Therapy for ADHD
What is ADHD?
ADHD (or Attention Deficit Hyperactive Disorder) is a neurodevelopmental disorder that affects all areas of your life. ADHD is often misunderstood as a disorder of hyperactivity or lack of attention, but at its core, ADHD is a disorder of regulation.
Some symptoms of ADHD in adults include
Chronic procrastination or difficulty starting tasks.
Overwhelm with planning, prioritizing, or follow through.
Mental fatigue from constant overthinking or masking.
Difficulty managing time.
Hyperfixations or hyperfocus followed by burnout.
Emotional reactivity, sensitivity to criticism, or mood swings.
Forgetfulness or frequently misplacing items.
Inner conflict between high standards and inconsistent output.
Persistent self criticism or shame for “not meeting my potential”.
Justice sensitivity and low tolerance for unfair or inequitable situations.
High levels of emotions when being told what to do.
High levels of anxiety or perfectionism.
Chronic stress from overworking to “keep up”.
Depression or low self worth from years of internalized failure.
Difficulty relaxing or “turning off” a busy mind.
Masking
Paradoxically, the more high achieving you are, the more likely it is that your ADHD will be missed, because you’ve become such an expert at masking neurodivergence. “Masking” refers to the the strategies used to compensate for neurodivergent brains in a neurotypical society. While masking can help us perform and fit in, it also come with a lot of shame, anxiety, and challenges.
Common Examples of Masking
Overpreparing or overcompensating to avoid making mistakes or appearing “scattered”.
Hiding struggles with basic routines like paying bills, replying to emails, or keeping the house organized.
Downplaying emotional overwhelm or “pushing through” burnout to maintain appearances.
Avoiding asking for help due to fears of being seen as incompetent or dramatic.
Scripting conversations in advance to avoid going off-topic or interrupting.
Working late into the night to meet deadlines others completed during business hours.
Creating highly structured systems (calendars, task lists, color coding).
Using humor or charm to redirect from memory lapses or forgetfulness.
The Grief and Compassion of Late Diagnoses
Adults who finally receive an ADHD diagnosis later in life have lived through decades of silently struggling with focus, overwhelm, and emotional regulation. For many, these struggles have often been internalized, hidden behind a constant push to “hold it all together”.
Because of that, a late diagnosis can feel like both a blessing and a curse. Often, late diagnoses come with a lot of grief. A yearning for the life that you could have lived if you had gotten the proper attention before.
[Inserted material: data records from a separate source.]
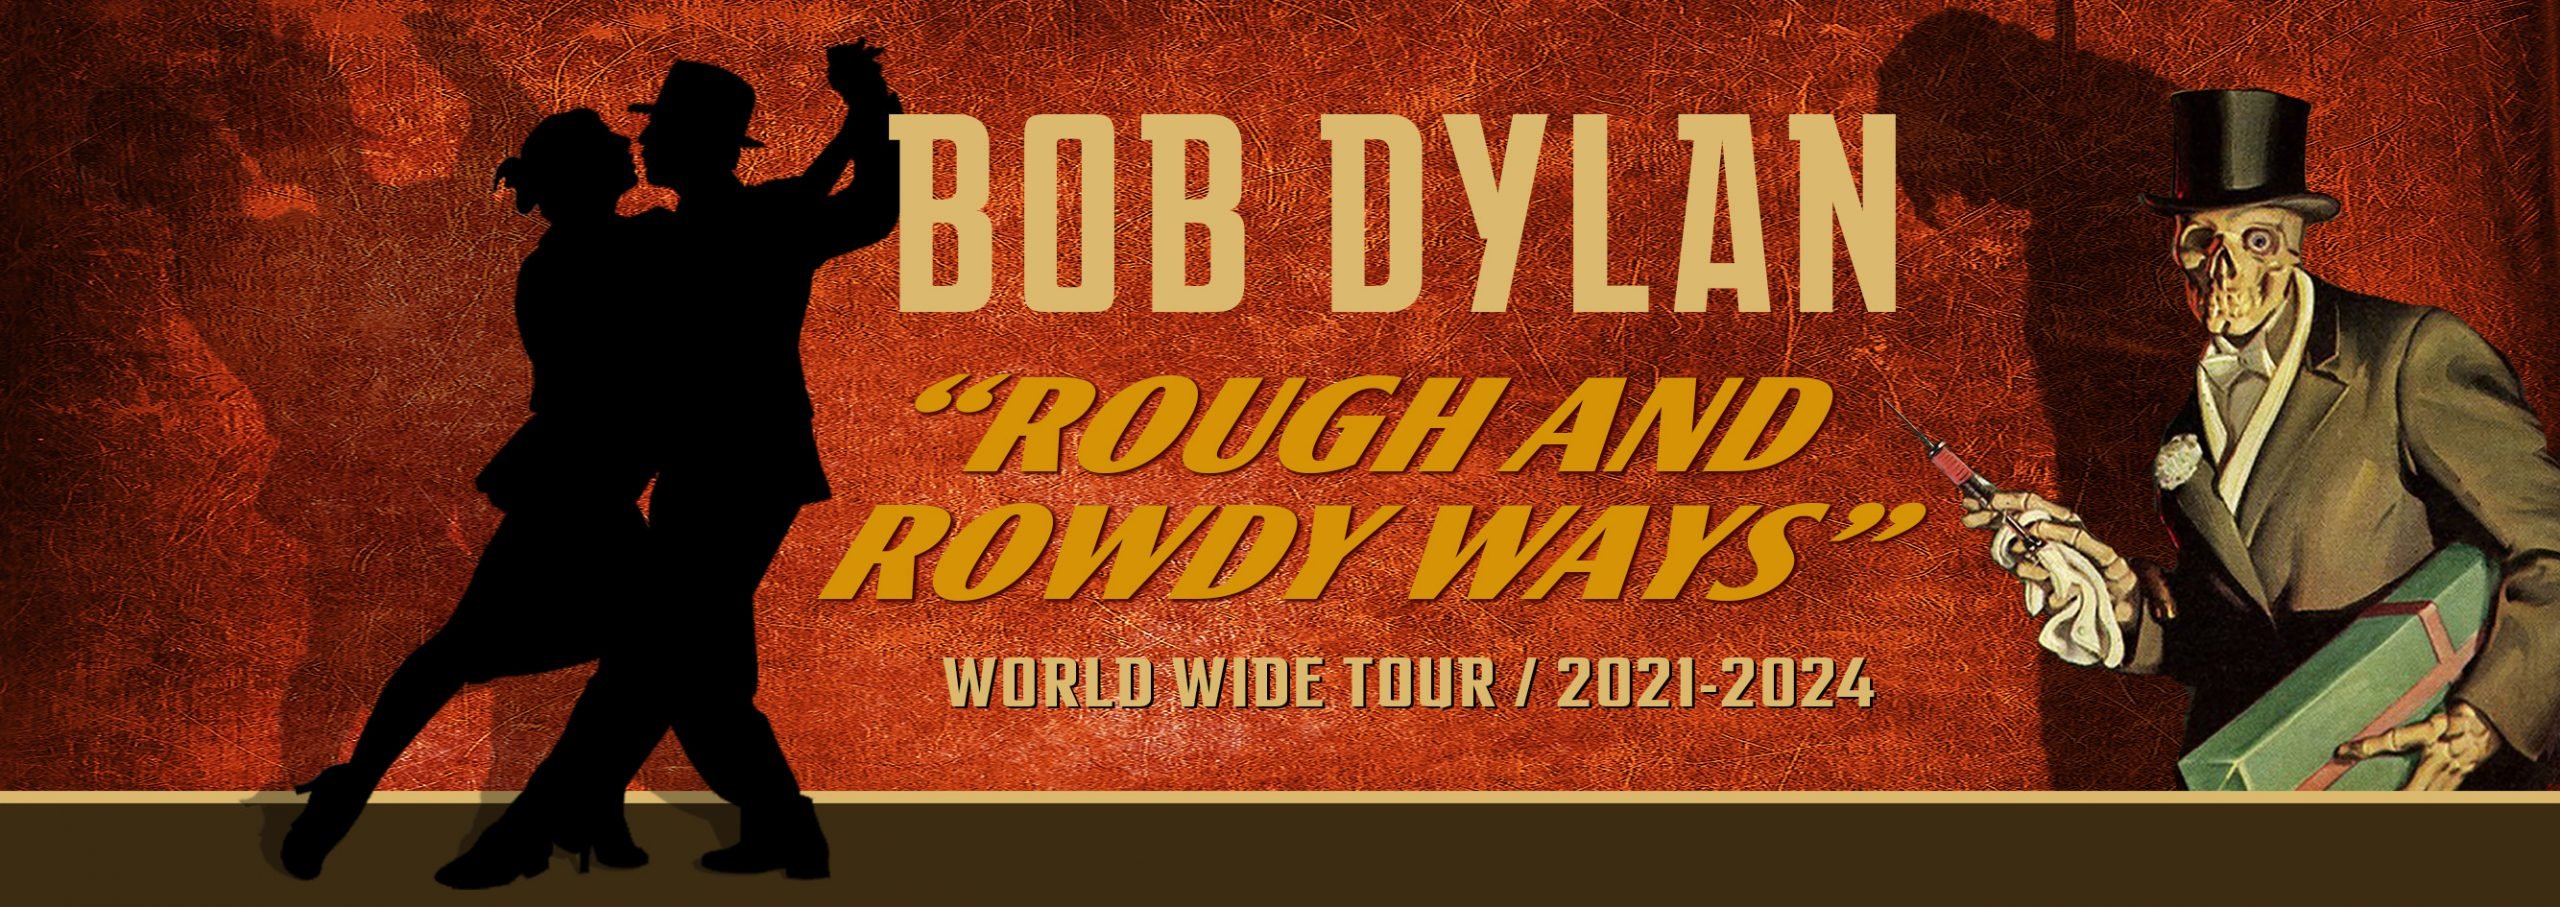 Bob Dylan 2024 Tour Merchandise Alane Auguste
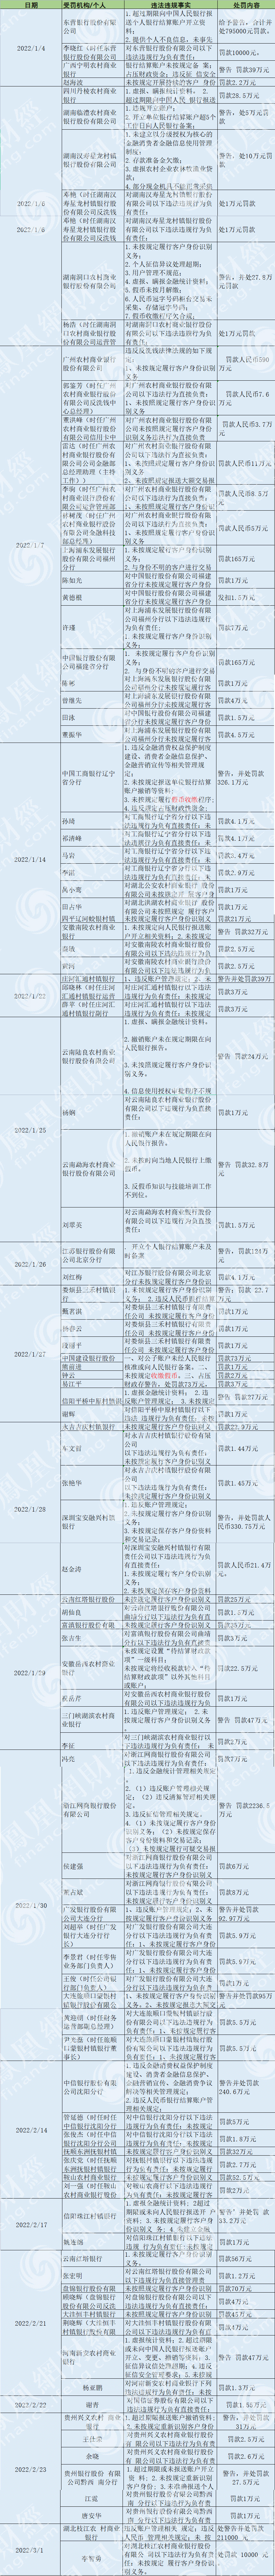 央行严查反洗钱违规：37银行领罚单 广州农商行被罚590万列农商行第一
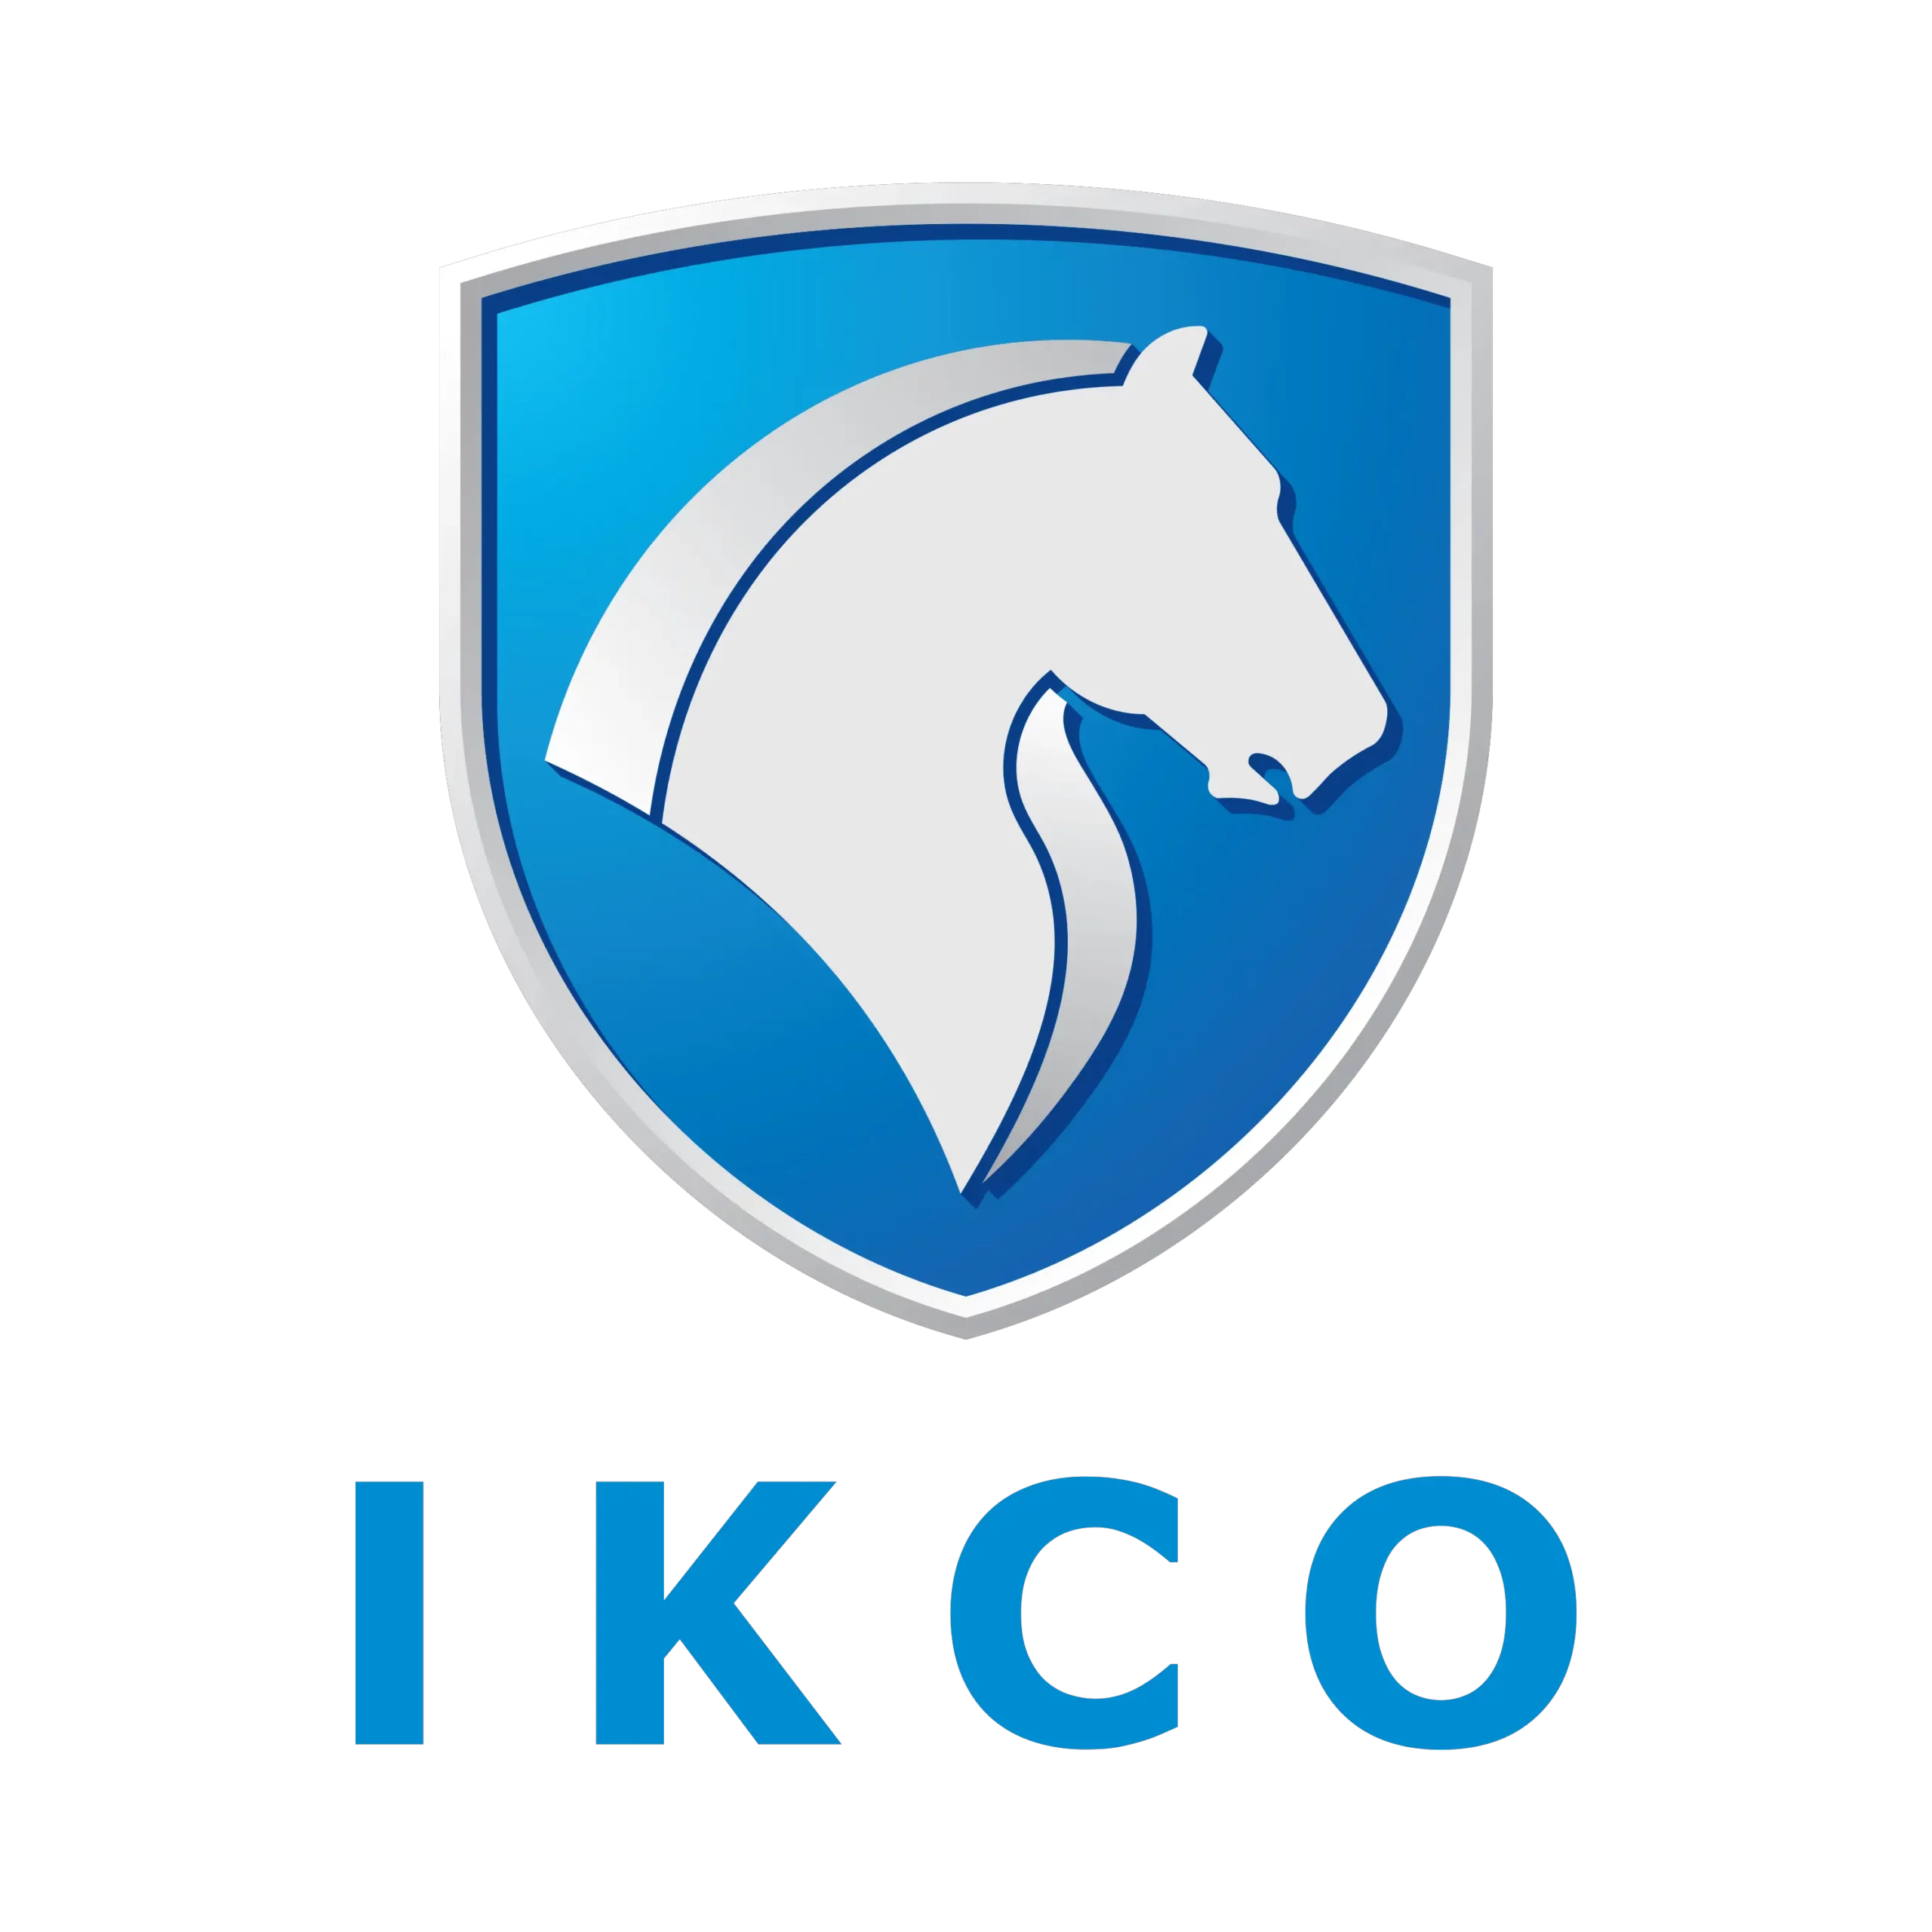 Iran-Khodro-logo-3000x3000

Sadness for the young child that internalized their struggles as their own moral deficit and failures. Anger for all the years that you were struggling without the right support.
While those feelings of grief, sadness, pain, and anger are all normal, a late diagnosis of ADHD can also unlock a new portal of self compassion. Before, it may have been automatic to attribute your ADHD symptoms as a moral and personal failure; now, you can see those same symptoms with compassion and acceptance. A late diagnosis can help you replace your harsh judgment of yourself with a more loving and kind connection with yourself.
Hardware vs Software: How can Therapy Help with ADHD?
Your ADHD is the hardware, and how you live with it is your software. We can support our brains by taking medications, but for the most part, the hardware you were given at birth is unchangeable.
When it comes to our software, that’s where therapy comes in. Especially with late diagnoses, we may have ‘software’ from constantly being misunderstood, not meeting expectations, and the constant pressure to fit in. Therapy can help us unburden from those experiences, and rewrite the software of how we live with ADHD.
The purpose of therapy isn’t to get rid of your ADHD - your ADHD is neither good nor bad, it just simply is a neutral fact about you. But what it can do is help you live with ADHD in a compassionate and healthy way.
If you’ve been recently diagnosed with ADHD, or if you think that you may have ADHD, therapy can offer you a much needed safe space to change your software. You don’t have to keep holding it together alone. If you’re ready to change your life with ADHD, please reach out for a free consultation.
Therapy can help you
understand your own reactions to the expressions of your ADHD.
build a compassionate relationship with the Parts of you that criticize, avoid, or overwork.
acknowledge your overwhelm and exhaustion from trying to hold it all together.
grieve for all the things that could have been, and acknowledge the pain that you’ve endured.
unburden the harmful inner narratives from a lifetime of perceived failures.
strengthen your connection with your own self.
learn what it’s like to see yourself with compassion, instead of judgment and criticism.
manage ADHD to experience a fulfilling connection with your partner.